Anat Cohen-Dayag - CEO, President and Director
Yes, sorry, yes. So with respect to the Moonshot program, there is not much more that I can say on top of what I was stating in the comments, in the prepared comments. But, I will just say that we're very proud to be selected by this program to get a grant for our patent. Obviously there was a competition, as we understand it, and this is something that states about the innovation that our molecule offers. Going back to the first section of your answer, I think that this is also pointing to the amount of innovation that Compugen generated in its lifetime.
Operator
The next question is from Brian Coleman of Hawk Hill Asset Management.
Brian Coleman
My question is about PVRIG PD-1 combination potential. We know the limits of PD-1 with roughly 70% to 80% of patients being non-responders, and John said that there's been quite a bit of synergy with PD-1 and anti-PVRIG in combination. And I'm wondering if there's a way that you can quantify what that synergistic population has been, in your pre-clinical data?

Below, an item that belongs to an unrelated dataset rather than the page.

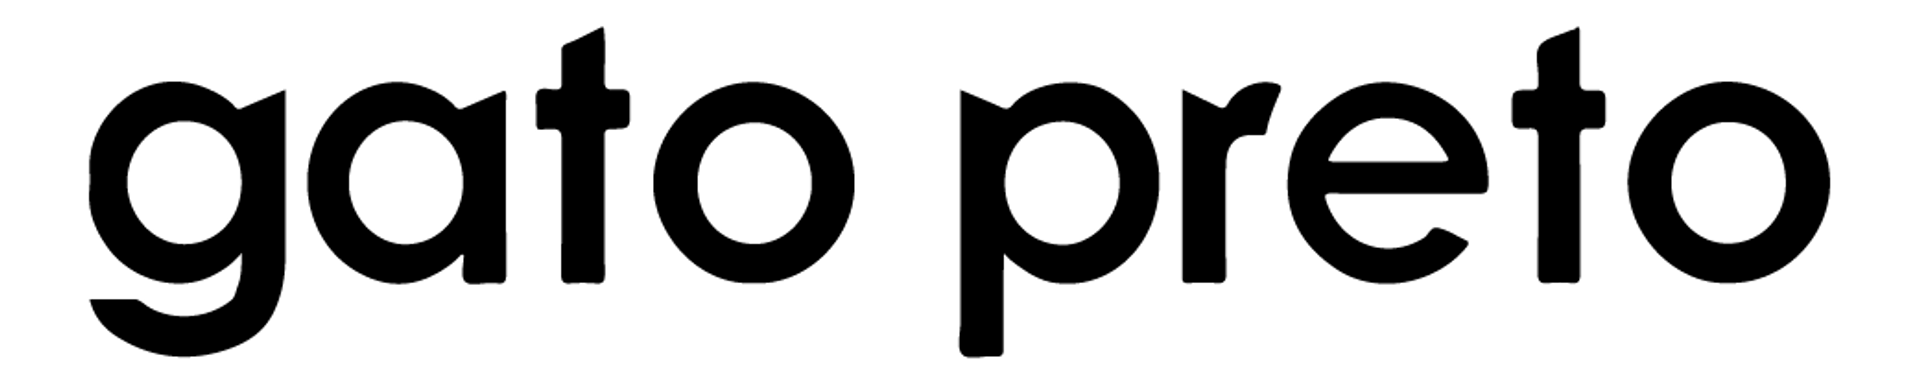 Gato Preto logo

John J. Hunter - VP of Antibody Research and Development
To date, a lot of the work that we've been doing to try to understand that has been in different cell systems, and we think at least in part it relates to expression of the different ligands in different systems. For example, if you have almost no PD-L1 expression and you add COM701 plus a PD-1 blocker, you really don't see much of an effect, whereas we see more of an effect when we have both ligands, PVR-L2 and PD-L1 expressed at higher levels on the target cells. Because there are a number of other checkpoints that play into this, we're sort of again trying to get a better sense of what other checkpoints and ligands are expressed in those systems. So, it's something that we're working out, but we do think at least in part it relates to what checkpoints are expressed and at what levels they're being expressed.
Brian Coleman
Okay, and then my second question is kind of on the business development front. Early on, over the past couple years, there's kind of been a tradeoff discussed about novel targets and novel therapies. On the one hand, they're more risky, but on the other hand the economics of moving a novel drug candidate through trials, and into the market, are much greater than being the 6th, 7th, 8th PD-1 drug to hit the market. And yet, this quarter we saw a fairly significant PD-1 deal with Beigene and Celgene. And I'm wondering, given the discussions you're having now, if you could use that as kind of a metric or a comp for the discussions you're having around COM701 and some of the novel targets?

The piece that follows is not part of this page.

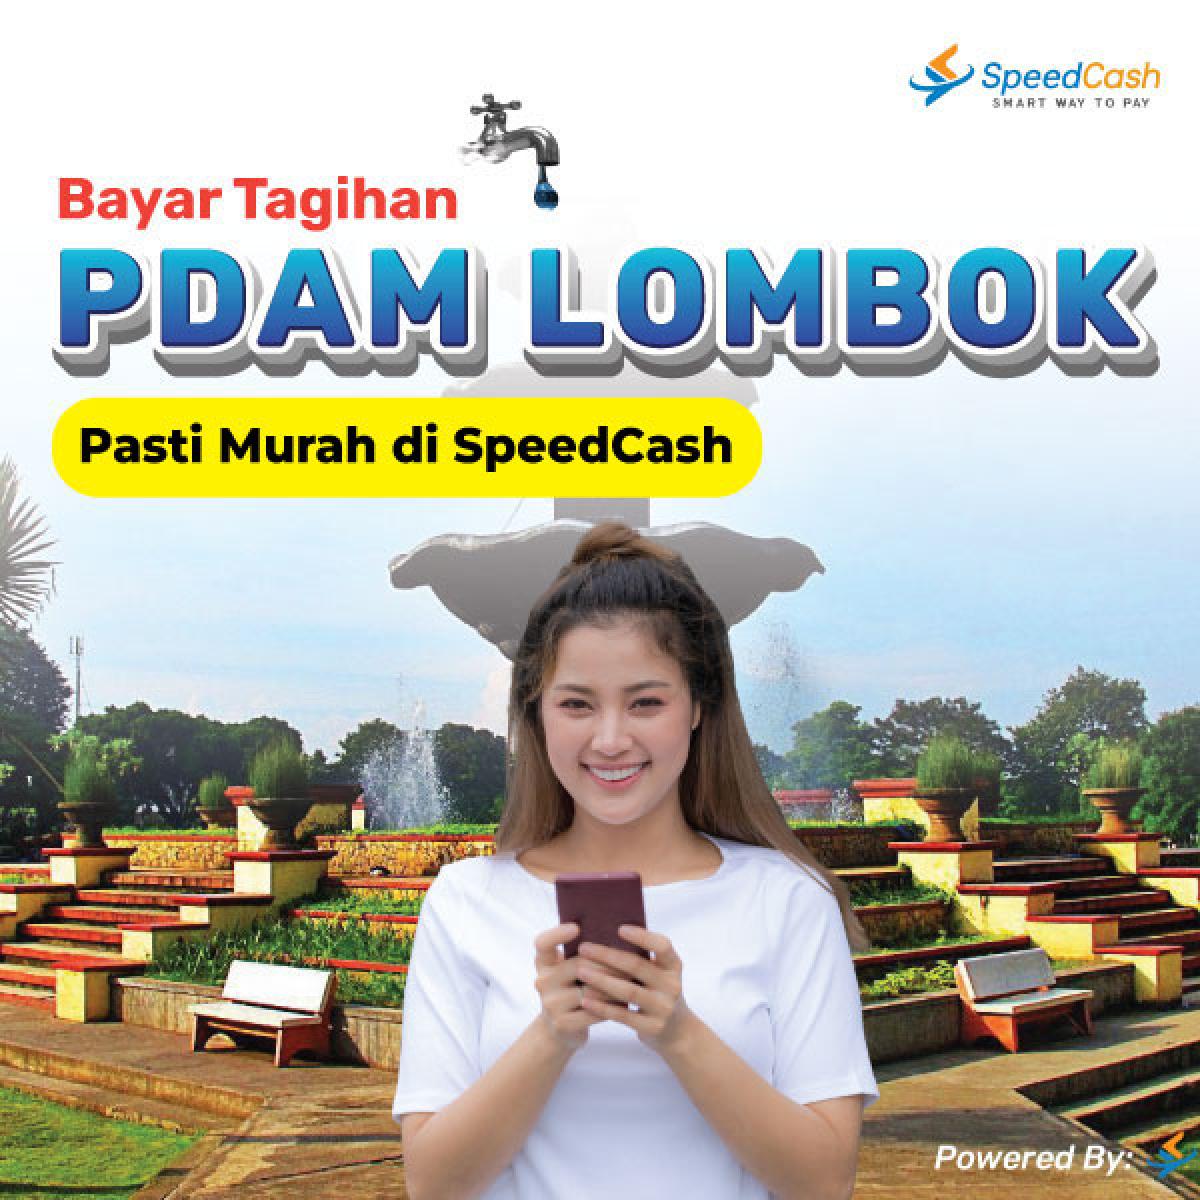 cek tagihan pdam Lombok dan bayar bisa melalui online

Anat Cohen-Dayag - CEO, President and Director
I'll say that I'll avoid using any metrics in order for us not to put ourselves into a box of a specific metric. In general, the economics, as you know, we stated that we're in discussions on all four program areas. It will be hard to put in metrics for all of them together. And in general, the economics of this type of deals are dependent on multiple variables. It reflects the data, it reflects the stage of the development, it reflects the competition, the amount of assets. So, I would avoid stating any specific metrics relating to this. That's it.
Operator
This concludes our question and answer session for today. I will now return the call for Anat for concluding remarks.
Anat Cohen-Dayag - CEO, President and Director
Thank you. I'd like to thank all our shareholders and all participants of the call, and I am looking forward to sharing with all of you additional progress during the rest of the year. Thank you.
Operator
Thank you. This concludes the Compugen Ltd. Second Quarter 2017 Financial Results Conference Call. Thank you for your participation. You may go ahead and disconnect.